Meaningless threats by DCA’s
I will note that some people have mentioned DCA’s threats of “going to prison” etc, or that being unable to repay your debts is a crime. It is not. Debts are a civil matter, and the worst that a court can do is take some of your assets away, secure the debt on your home, or place an attachment of earnings.
Courts can not, and do not, require you to pay more money than you can afford
Negotiating repayment strategies
I would suggest where possible initially going to a debt advice charity such as the national debt line, or CCCS. Your initial steps, regardless of whether you intend to do a CCA request are:
1. Establish a statement of affairs, and a budget.
2. Investigate ways to increase your income
3. Investigate options to decrease your costs.

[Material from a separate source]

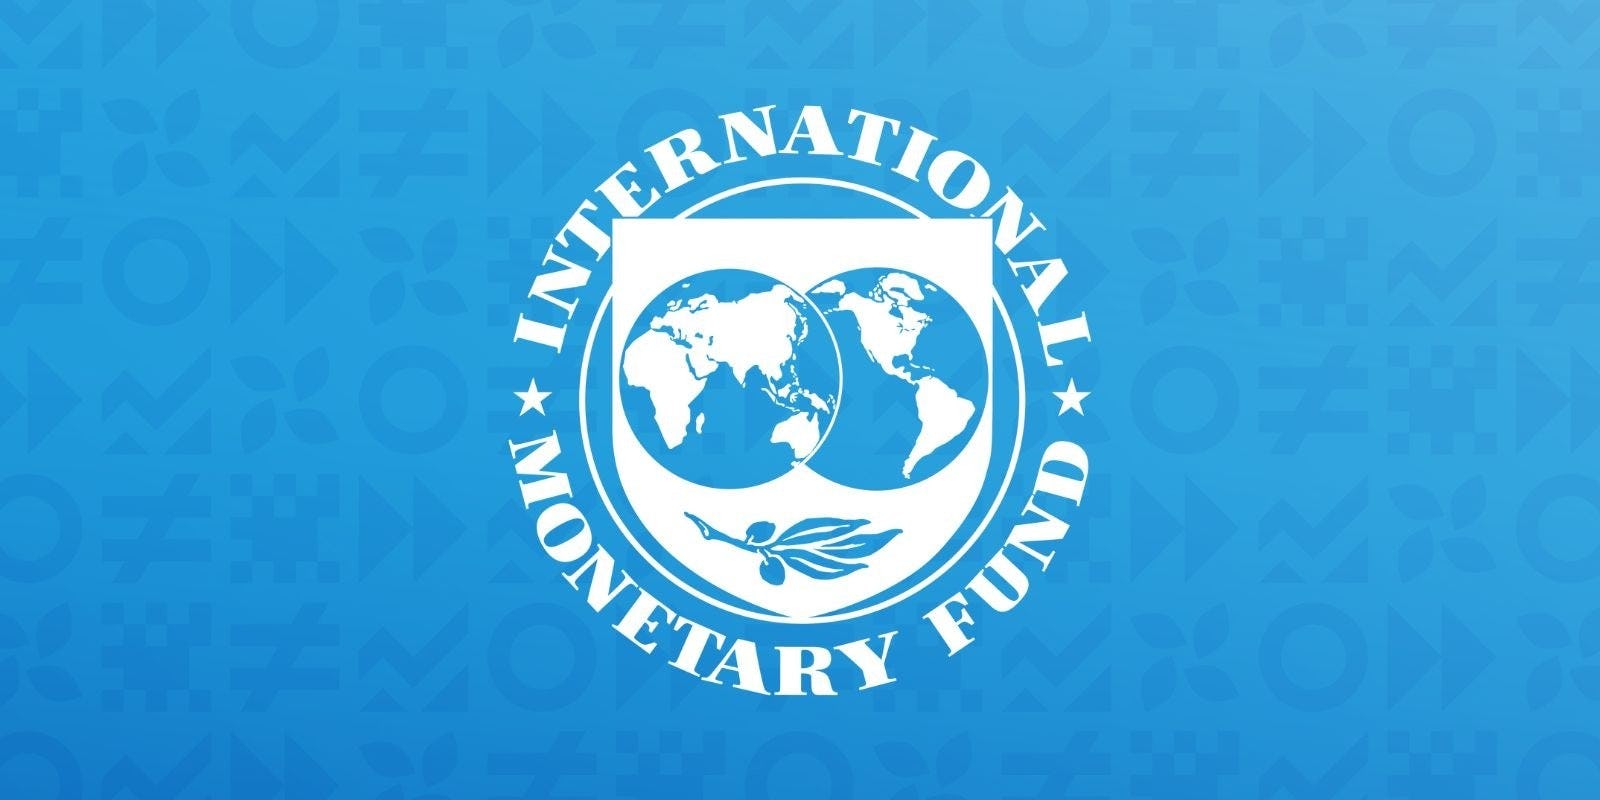 Sri Lanka must present debt restructuring strategy by end of April - IMF

While a CCA request CAN result in a reduction of indebtedness in the short term, if you do not take control of your finances you WILL be in the same situation sooner or latter. Control means knowing how much you owe, how much you get in income, and learning strategies of making the outgoings less than the income.
Repaying priority debts.
Council Tax, rent, Mortgage payments, magistrate fines, utilities and any other debts that provide essential services or which carry significant penalties if you do not pay them should be repaid first. Never pay other debts before priority debts.
Do you have a surplus?
After repaying priority debts, do you have a surplus? If so, the rest of this thread is helpful. If not, you MUST contact national debt line immediately for advice, since you are in a very serious position and you should NOT make any further payments to DCA’s except with regard to the priority debts until this is solved.
Making offers to DCA’s
Before you make an offer to a DCA, run your statement of affairs past a debt charity, and ensure your figures stack up. My approach to making an offer to a DCA involves the following step (this letter is reproduced via the National Debt Line) Make sure you keep proof of postage:
They will call you “to discuss the matter”.

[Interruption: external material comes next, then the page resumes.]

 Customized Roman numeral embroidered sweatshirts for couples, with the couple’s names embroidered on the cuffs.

The standard advice is to refuse to deal with them on the telephone. Personally, I do not entirely agree with this advice. I would always talk to them on the telephone, but I would do two things first:
1. Arrange facilities to record the conversation and
2. Have a script.
Why recording conversations is a powerful tool
As long as you are polite in the conversation, a recording is an incredibly powerful tool. There is no legal obligation to inform the person at the other end that you are recording the conversation as long as it is only for personal reasons. The strength is that you can record them harassing you, intimidating you or lying to you. You can also engage in “Fillet the DCA” at a future date, whereby you send them a Data Protection SAR, they redact (i.e. remove) the harmful conversations out of there record, and you can then prove they did so.
Have a Script.
Write down before the call what you want to say. Don’t give them any information… don’t tell them about any property you own, cars, and other assets. If they ask you to sell something, say you have nothing to sell. If they tell you to borrow, reply it would be fraudulent as you could not repay the borrowings. Record the 20 most likely questions they might ask.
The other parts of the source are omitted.